Newbie questions

Richard A. O'Keefe ok@REDACTED
Fri Mar 31 01:06:28 CEST 2006


Nick Linker <xlcr@REDACTED> wrote:
	I'm sorry, but I meant quite different question:  given a big
	number N, how to compute the number of digits?
	
	There is obvious solution:  length(integer_to_list(N)), but it
	is not very efficient.  I wanted to have a bit faster
	solution... Ok, nevermind.
	
I'm aware of (and have used) several programming languages providing
as-long-as-necessary integer arithmetic.  Without consulting manuals
(everything is being moved out of my office so that new carpet can
be laid) it's hard to be sure, but from memory, NONE of them provides
an operation "how many decimal digits in this bignum".  Common Lisp
has HAULONG, which tells you about how many BITS, and Java's
BigInteger class offers bitLength(), which again tells you how many
BITS.  In Smalltalk, the obvious thing to do would be n printString size,
and in Scheme it would be (string-length (number->string n)).

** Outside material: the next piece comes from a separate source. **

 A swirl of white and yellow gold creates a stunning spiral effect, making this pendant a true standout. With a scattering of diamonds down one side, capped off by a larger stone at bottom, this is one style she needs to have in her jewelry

It's not completely clear what you want.  Is the "number of digits"
in -123456890123456890 twenty (literally the number of digits) or
twenty-one (the number of characters in the minimal decimal representation)?

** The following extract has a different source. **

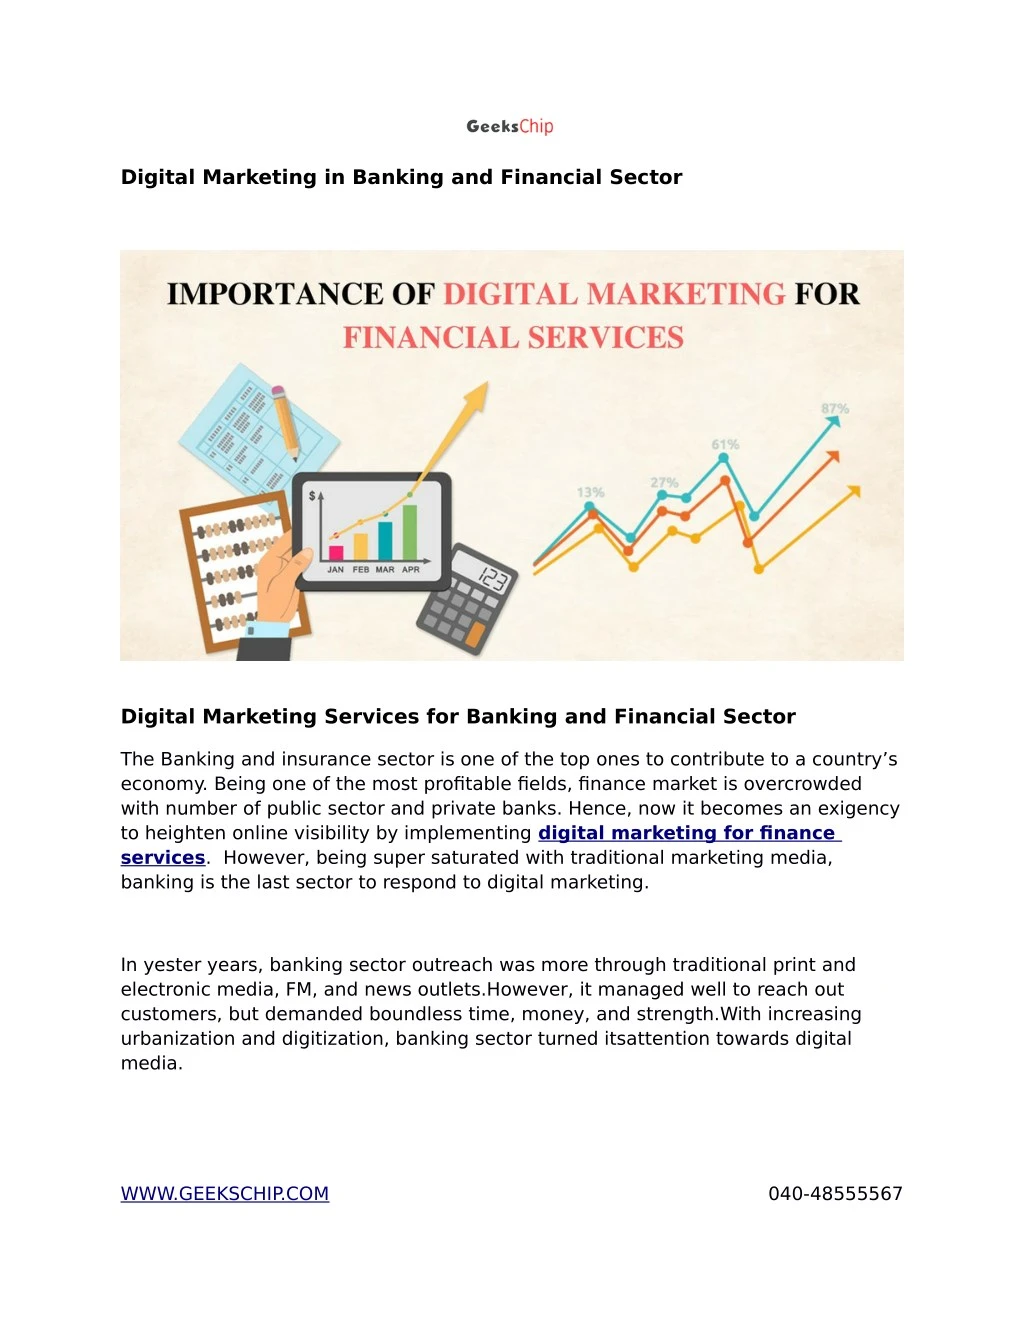 digital marketing in banking and financial sector

I must say that the Erlang reference material could be better organised.
Trying to answer the question "what are all the predefined operations on
numbers" is surprisingly hard.

One of the great things about Erlang is that it is open source.
emulator/big.c defines a function big_decimal_estimate() which gives an
*estimate* of the number of decimal digits; that may be close enough for
your needs.  If it's not close enough, big_to_decimal() does the character
conversion into a char* buffer, and doesn't build a list.
Using emulator/bif.c:integer_to_list as a model, it would be quite easy
to write a new BIF that gave you the number of decimal digits in a
number.

The question remains, WHY?  For what kind of problem is it useful to know
the number of decimal digits but NOT what the digits actually are?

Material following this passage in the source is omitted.